_Exercise aim:_ Pictures aside, quote the whole listing exactly.

_Given information:_
────────────────────────────────────────
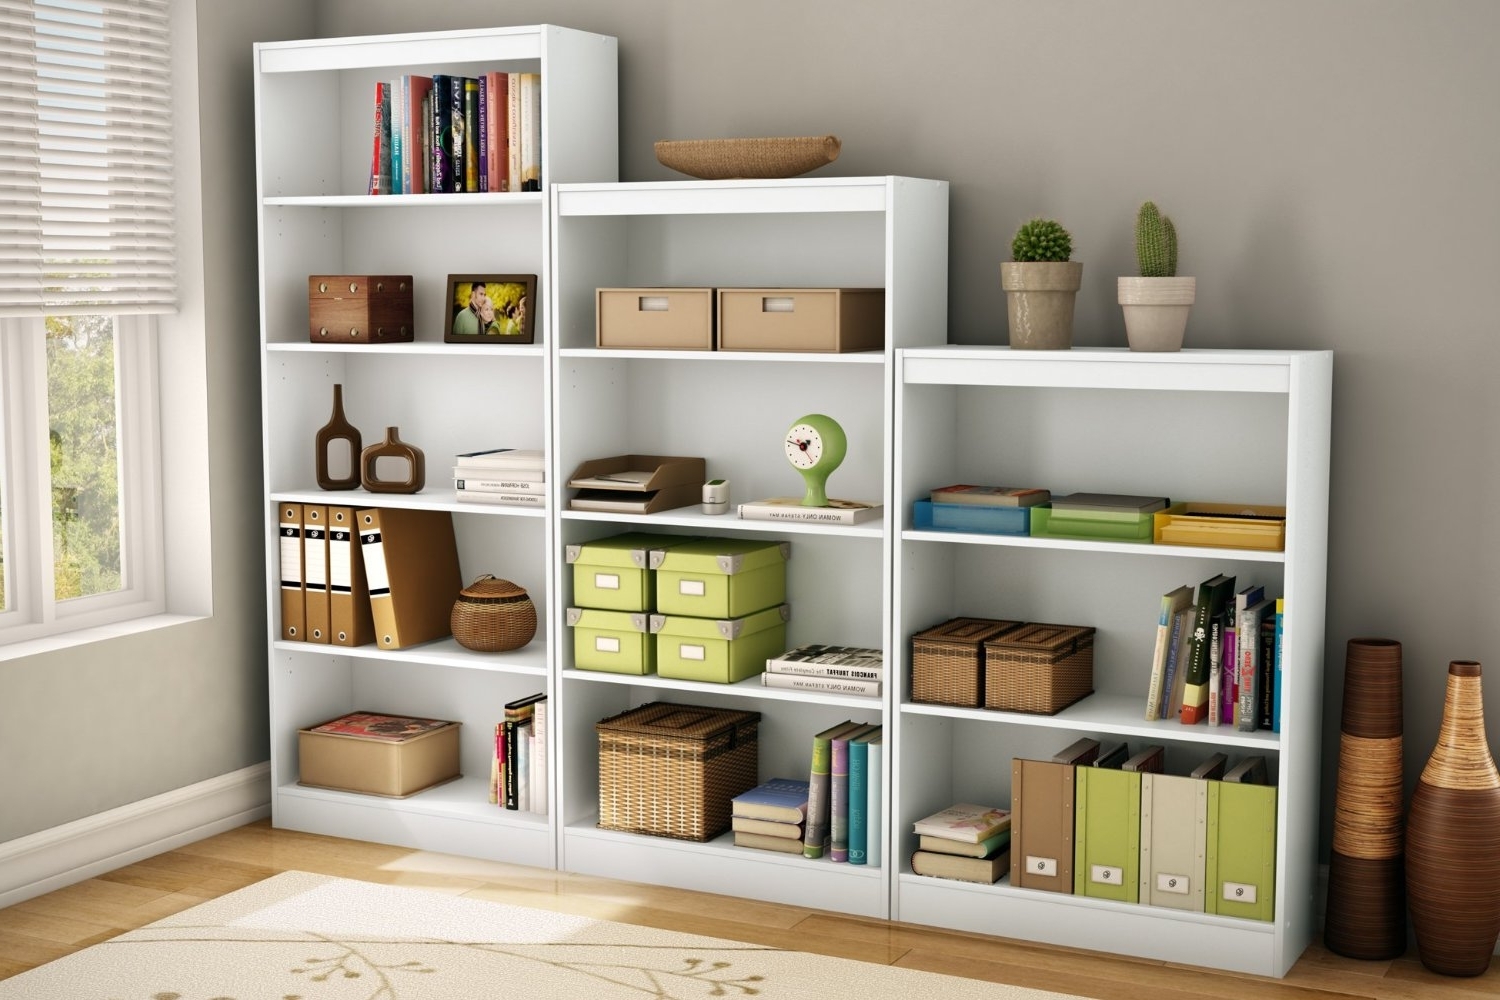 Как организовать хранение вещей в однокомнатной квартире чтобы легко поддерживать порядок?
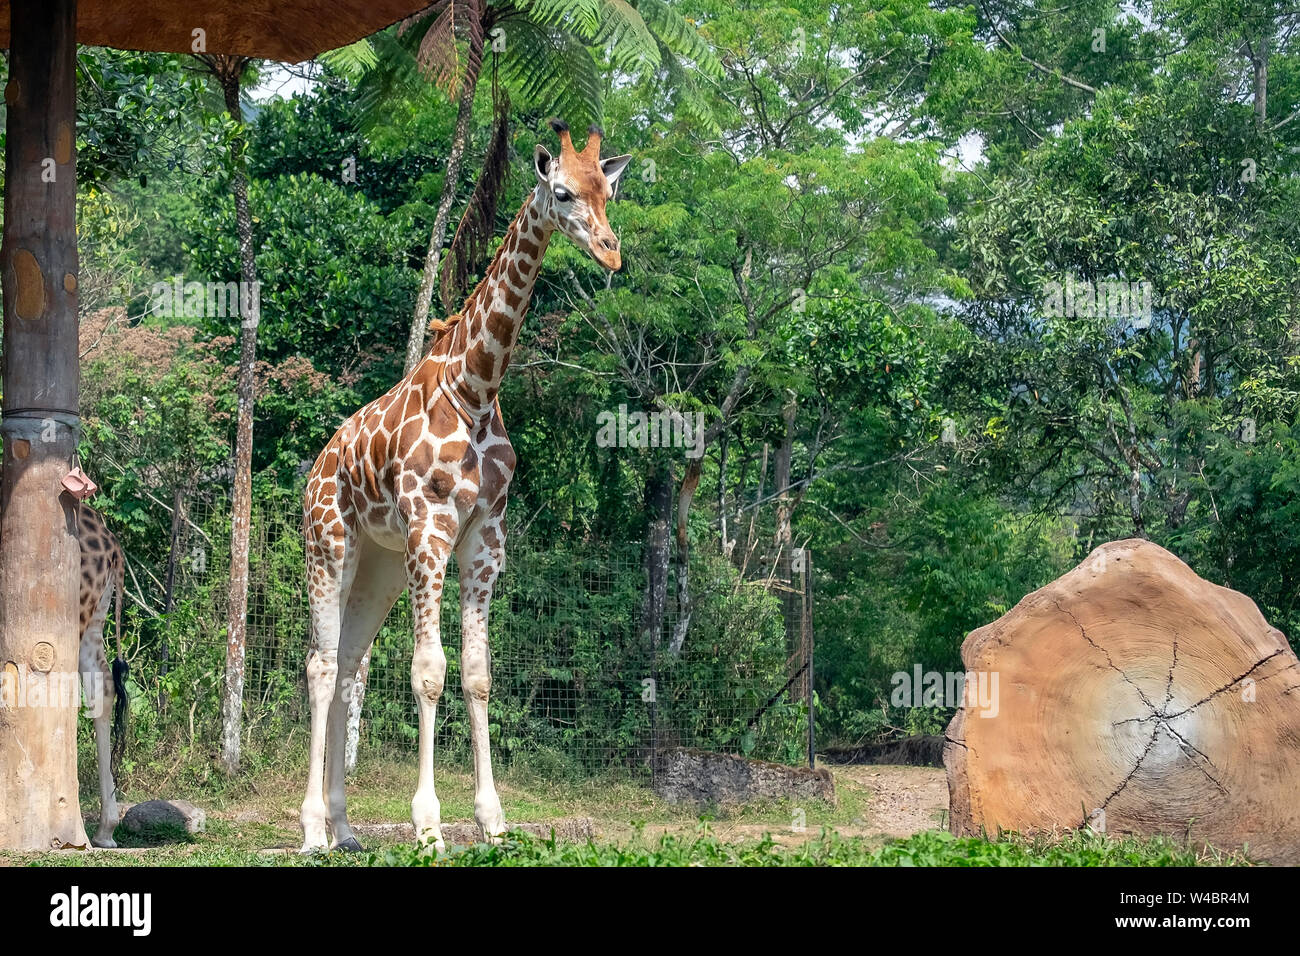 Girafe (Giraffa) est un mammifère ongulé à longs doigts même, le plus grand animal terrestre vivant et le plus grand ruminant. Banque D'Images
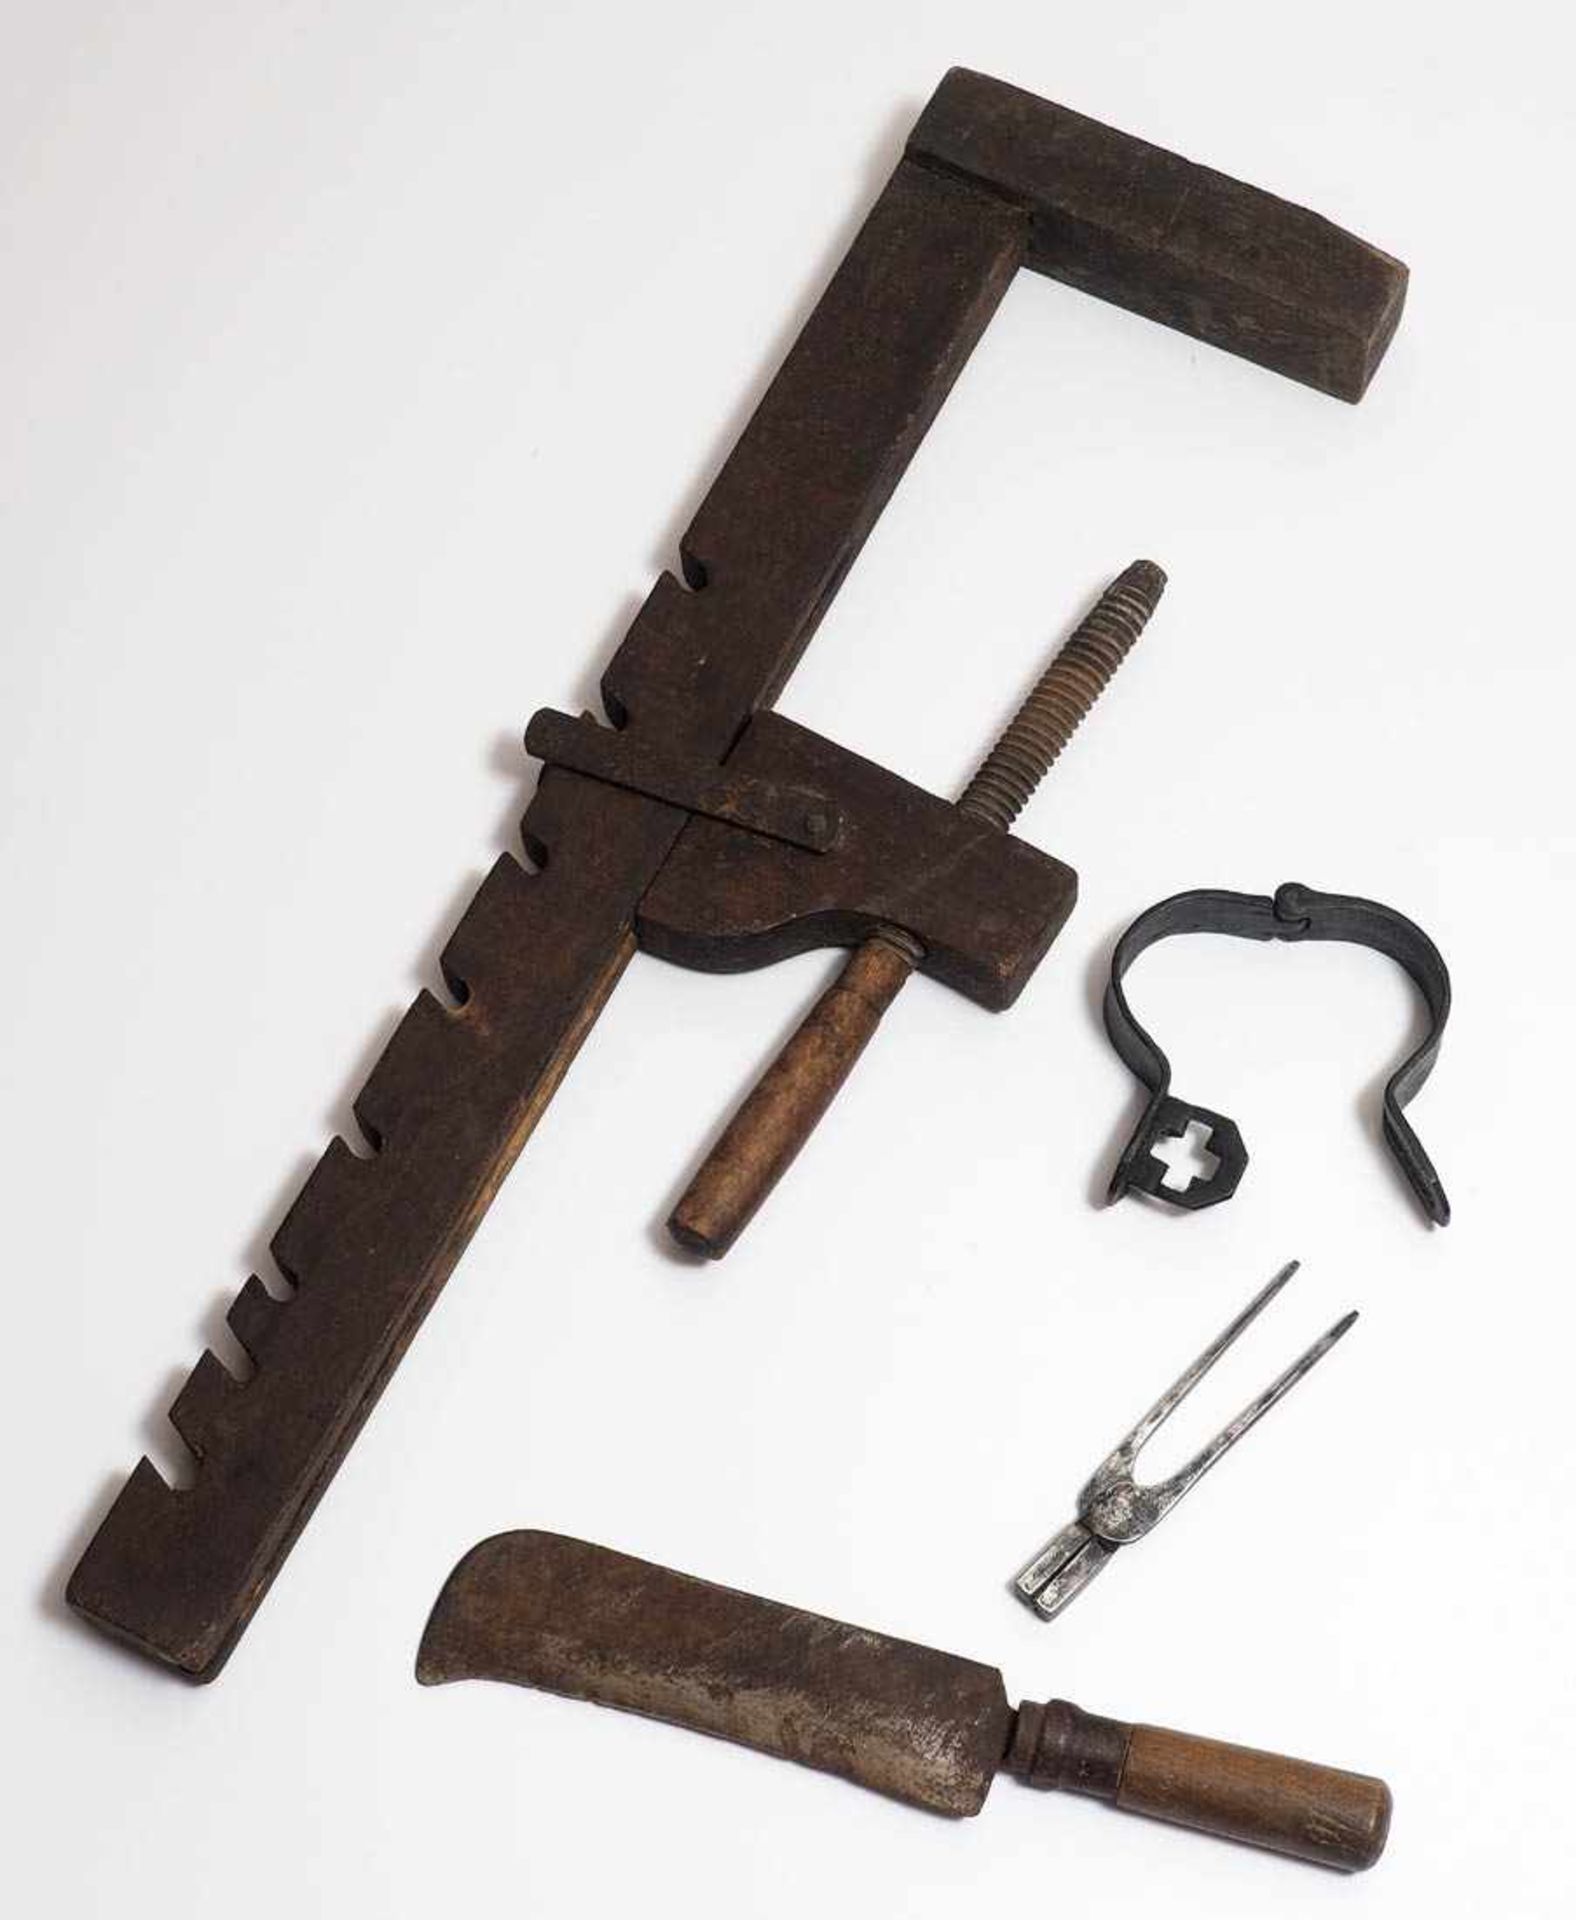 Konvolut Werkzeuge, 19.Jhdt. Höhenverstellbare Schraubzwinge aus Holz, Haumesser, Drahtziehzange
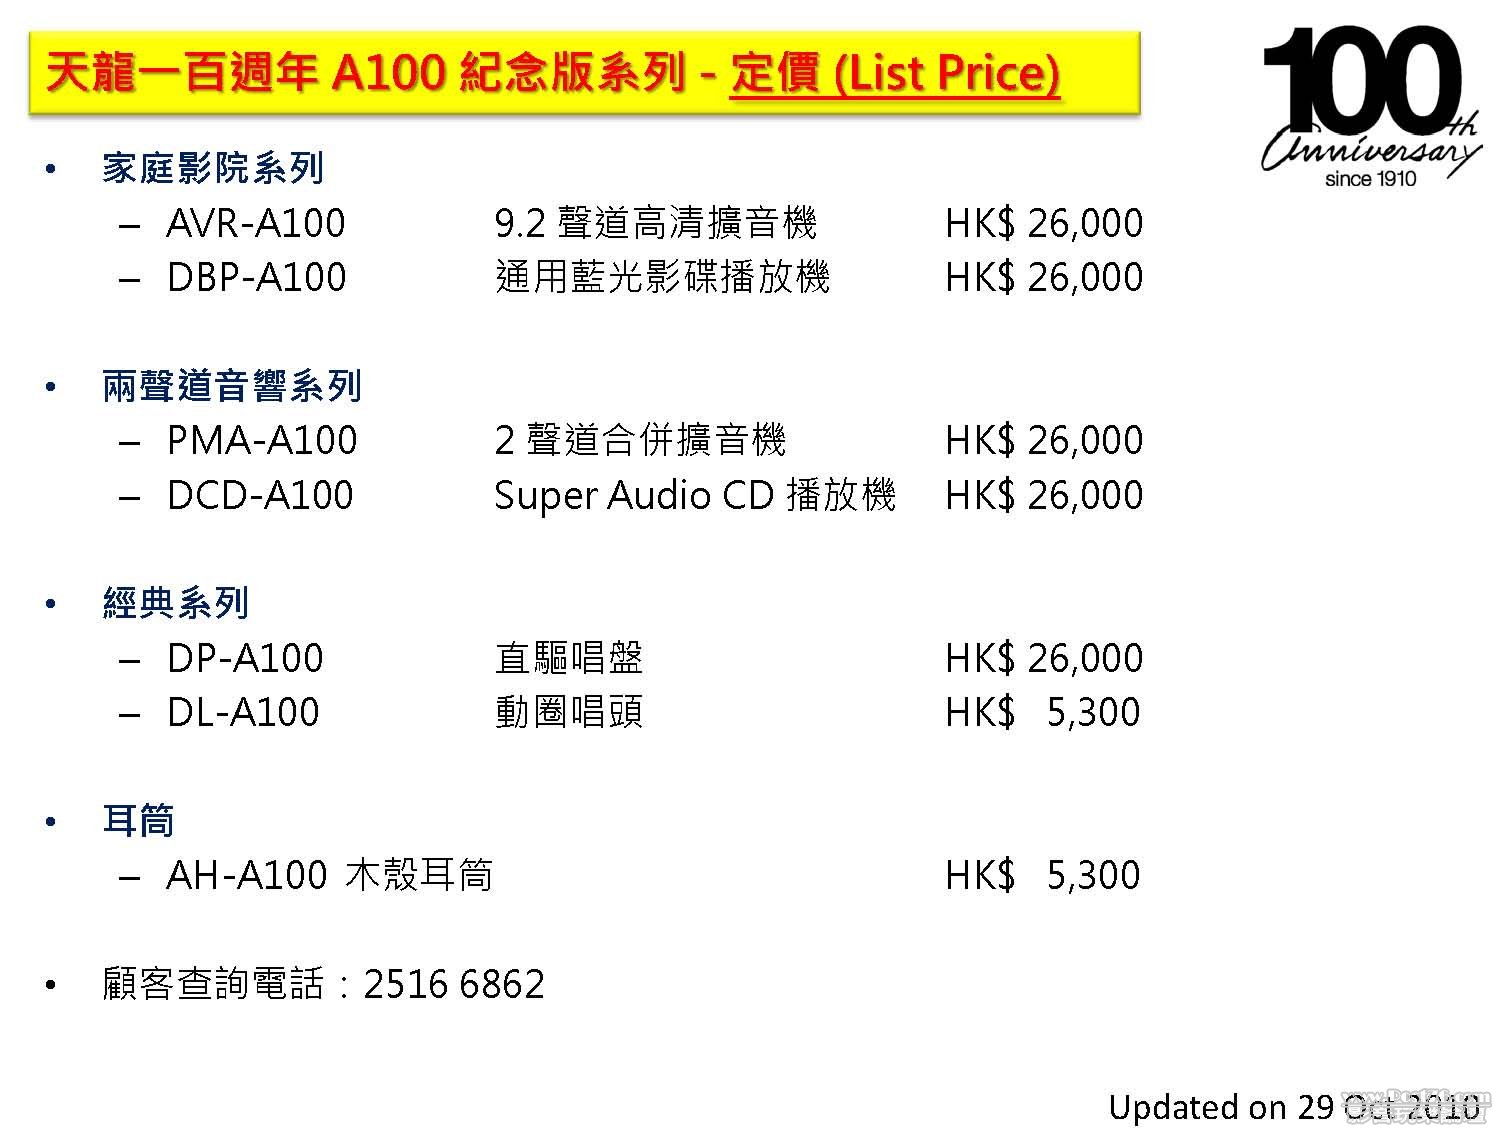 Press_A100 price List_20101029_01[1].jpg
────────────────────────────────────────
_Result of the task:_
 Как организовать хранение вещей в однокомнатной квартире чтобы легко поддерживать порядок?
 Girafe (Giraffa) est un mammifère ongulé à longs doigts même, le plus grand animal terrestre vivant et le plus grand ruminant. Banque D'Images
 Konvolut Werkzeuge, 19.Jhdt. Höhenverstellbare Schraubzwinge aus Holz, Haumesser, Drahtziehzange
 Press_A100 price List_20101029_01[1].jpg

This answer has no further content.